(DATA RECORDS Opens)

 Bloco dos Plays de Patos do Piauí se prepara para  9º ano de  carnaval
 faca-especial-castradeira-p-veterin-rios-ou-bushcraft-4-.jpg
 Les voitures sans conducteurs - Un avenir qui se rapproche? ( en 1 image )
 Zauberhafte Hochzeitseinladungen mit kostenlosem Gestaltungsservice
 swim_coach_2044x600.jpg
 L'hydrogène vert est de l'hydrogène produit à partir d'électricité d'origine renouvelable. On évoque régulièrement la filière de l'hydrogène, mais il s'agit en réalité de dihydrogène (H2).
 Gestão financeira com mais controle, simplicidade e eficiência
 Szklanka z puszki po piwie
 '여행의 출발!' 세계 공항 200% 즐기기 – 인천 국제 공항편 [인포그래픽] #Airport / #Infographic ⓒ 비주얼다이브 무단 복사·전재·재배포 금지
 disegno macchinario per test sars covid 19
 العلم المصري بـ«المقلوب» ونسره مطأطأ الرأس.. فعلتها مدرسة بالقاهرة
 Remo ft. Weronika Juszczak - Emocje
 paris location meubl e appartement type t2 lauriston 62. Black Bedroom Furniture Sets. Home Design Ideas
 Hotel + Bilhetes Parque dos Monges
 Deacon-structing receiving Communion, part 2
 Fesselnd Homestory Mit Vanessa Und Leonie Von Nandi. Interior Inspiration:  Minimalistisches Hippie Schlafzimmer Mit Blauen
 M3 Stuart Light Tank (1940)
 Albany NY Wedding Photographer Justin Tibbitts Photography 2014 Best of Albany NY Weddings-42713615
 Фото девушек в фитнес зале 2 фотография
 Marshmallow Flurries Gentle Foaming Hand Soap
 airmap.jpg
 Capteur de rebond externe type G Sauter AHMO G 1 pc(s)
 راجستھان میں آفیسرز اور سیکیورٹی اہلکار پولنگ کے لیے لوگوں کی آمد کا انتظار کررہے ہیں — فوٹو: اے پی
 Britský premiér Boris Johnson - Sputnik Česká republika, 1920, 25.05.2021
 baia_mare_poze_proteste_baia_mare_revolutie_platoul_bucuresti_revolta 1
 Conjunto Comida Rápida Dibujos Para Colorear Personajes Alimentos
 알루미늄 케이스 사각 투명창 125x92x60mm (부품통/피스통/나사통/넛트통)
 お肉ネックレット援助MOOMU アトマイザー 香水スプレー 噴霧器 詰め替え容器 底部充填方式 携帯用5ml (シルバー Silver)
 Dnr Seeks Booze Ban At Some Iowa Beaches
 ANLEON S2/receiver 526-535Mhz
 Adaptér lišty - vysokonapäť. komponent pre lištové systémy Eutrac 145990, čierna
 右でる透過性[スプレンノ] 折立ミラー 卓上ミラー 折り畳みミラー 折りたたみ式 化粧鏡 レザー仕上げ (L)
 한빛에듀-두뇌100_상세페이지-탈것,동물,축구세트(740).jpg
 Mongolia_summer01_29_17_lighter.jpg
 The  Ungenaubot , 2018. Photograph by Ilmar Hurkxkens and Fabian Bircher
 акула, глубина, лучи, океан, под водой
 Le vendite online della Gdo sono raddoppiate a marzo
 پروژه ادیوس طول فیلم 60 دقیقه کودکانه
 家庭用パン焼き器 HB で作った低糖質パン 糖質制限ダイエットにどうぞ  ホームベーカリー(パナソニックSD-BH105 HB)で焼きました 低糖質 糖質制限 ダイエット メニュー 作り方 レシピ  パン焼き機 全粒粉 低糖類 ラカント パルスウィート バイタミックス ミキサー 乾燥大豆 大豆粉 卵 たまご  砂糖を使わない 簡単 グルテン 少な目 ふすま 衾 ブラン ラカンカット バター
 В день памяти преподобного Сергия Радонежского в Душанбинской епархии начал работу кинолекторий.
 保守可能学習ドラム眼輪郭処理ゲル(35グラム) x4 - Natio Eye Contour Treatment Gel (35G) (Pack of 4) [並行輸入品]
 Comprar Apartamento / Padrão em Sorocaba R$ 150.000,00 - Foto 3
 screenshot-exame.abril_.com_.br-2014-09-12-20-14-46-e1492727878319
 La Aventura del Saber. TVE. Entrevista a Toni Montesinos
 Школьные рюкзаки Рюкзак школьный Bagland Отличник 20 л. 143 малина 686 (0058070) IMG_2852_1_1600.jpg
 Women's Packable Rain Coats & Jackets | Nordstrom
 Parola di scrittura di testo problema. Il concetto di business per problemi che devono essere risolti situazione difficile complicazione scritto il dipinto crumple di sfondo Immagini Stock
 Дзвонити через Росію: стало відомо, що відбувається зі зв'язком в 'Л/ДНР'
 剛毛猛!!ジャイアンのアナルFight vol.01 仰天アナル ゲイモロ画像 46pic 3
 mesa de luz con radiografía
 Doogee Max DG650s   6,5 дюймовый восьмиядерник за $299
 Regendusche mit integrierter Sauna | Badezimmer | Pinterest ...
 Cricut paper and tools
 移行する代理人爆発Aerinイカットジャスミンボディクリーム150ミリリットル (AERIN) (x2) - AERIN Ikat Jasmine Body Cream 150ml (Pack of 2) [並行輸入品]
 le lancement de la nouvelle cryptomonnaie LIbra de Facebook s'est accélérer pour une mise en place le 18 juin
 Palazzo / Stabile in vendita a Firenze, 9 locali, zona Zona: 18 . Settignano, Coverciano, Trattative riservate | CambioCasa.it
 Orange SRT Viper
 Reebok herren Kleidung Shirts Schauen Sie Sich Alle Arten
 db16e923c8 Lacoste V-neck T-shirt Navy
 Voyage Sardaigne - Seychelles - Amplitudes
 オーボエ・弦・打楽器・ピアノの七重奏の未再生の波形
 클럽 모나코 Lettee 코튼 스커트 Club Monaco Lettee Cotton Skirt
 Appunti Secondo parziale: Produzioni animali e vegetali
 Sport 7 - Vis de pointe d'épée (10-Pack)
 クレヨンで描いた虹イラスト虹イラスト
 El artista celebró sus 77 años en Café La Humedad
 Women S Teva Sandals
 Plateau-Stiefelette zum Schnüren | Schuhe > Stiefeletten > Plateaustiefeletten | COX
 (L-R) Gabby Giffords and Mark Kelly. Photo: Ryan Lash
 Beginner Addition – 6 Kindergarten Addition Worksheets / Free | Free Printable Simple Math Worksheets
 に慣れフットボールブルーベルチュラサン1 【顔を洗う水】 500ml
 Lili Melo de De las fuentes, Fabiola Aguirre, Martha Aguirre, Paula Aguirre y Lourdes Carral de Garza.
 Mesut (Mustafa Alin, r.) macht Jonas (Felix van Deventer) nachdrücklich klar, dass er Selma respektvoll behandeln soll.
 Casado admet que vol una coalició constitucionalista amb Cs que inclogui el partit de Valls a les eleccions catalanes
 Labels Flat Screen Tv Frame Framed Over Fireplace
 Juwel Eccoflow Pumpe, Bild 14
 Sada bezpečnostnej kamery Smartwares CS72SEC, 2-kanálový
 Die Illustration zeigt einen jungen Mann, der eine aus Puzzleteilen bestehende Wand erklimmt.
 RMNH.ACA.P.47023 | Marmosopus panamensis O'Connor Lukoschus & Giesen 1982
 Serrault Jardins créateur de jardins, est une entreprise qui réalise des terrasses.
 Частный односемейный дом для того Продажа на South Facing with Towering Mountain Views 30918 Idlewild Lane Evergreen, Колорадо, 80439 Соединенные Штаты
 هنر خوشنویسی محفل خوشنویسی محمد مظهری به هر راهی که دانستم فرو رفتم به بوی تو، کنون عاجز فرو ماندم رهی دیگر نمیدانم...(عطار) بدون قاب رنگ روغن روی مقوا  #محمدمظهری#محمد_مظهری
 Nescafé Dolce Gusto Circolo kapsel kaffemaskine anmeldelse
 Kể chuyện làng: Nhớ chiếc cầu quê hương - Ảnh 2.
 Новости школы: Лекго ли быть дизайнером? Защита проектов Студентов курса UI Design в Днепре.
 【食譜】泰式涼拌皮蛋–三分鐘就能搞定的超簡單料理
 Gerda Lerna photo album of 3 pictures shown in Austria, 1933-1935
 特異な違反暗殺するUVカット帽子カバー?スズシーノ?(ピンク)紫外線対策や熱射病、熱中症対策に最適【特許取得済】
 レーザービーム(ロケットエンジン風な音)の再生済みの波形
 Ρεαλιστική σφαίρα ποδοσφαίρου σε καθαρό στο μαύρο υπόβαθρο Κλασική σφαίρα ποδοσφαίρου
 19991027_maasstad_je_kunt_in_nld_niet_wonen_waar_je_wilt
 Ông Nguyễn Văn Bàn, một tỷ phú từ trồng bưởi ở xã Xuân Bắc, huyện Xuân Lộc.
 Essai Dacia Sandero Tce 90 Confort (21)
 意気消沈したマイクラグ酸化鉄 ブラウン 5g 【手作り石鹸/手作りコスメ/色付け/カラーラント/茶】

(DATA RECORDS Closes)

Once the line with "特異な違反暗殺するUVカット" is located in the data above, repeat it and every later line through the end, exactly.

 特異な違反暗殺するUVカット帽子カバー?スズシーノ?(ピンク)紫外線対策や熱射病、熱中症対策に最適【特許取得済】
 レーザービーム(ロケットエンジン風な音)の再生済みの波形
 Ρεαλιστική σφαίρα ποδοσφαίρου σε καθαρό στο μαύρο υπόβαθρο Κλασική σφαίρα ποδοσφαίρου
 19991027_maasstad_je_kunt_in_nld_niet_wonen_waar_je_wilt
 Ông Nguyễn Văn Bàn, một tỷ phú từ trồng bưởi ở xã Xuân Bắc, huyện Xuân Lộc.
 Essai Dacia Sandero Tce 90 Confort (21)
 意気消沈したマイクラグ酸化鉄 ブラウン 5g 【手作り石鹸/手作りコスメ/色付け/カラーラント/茶】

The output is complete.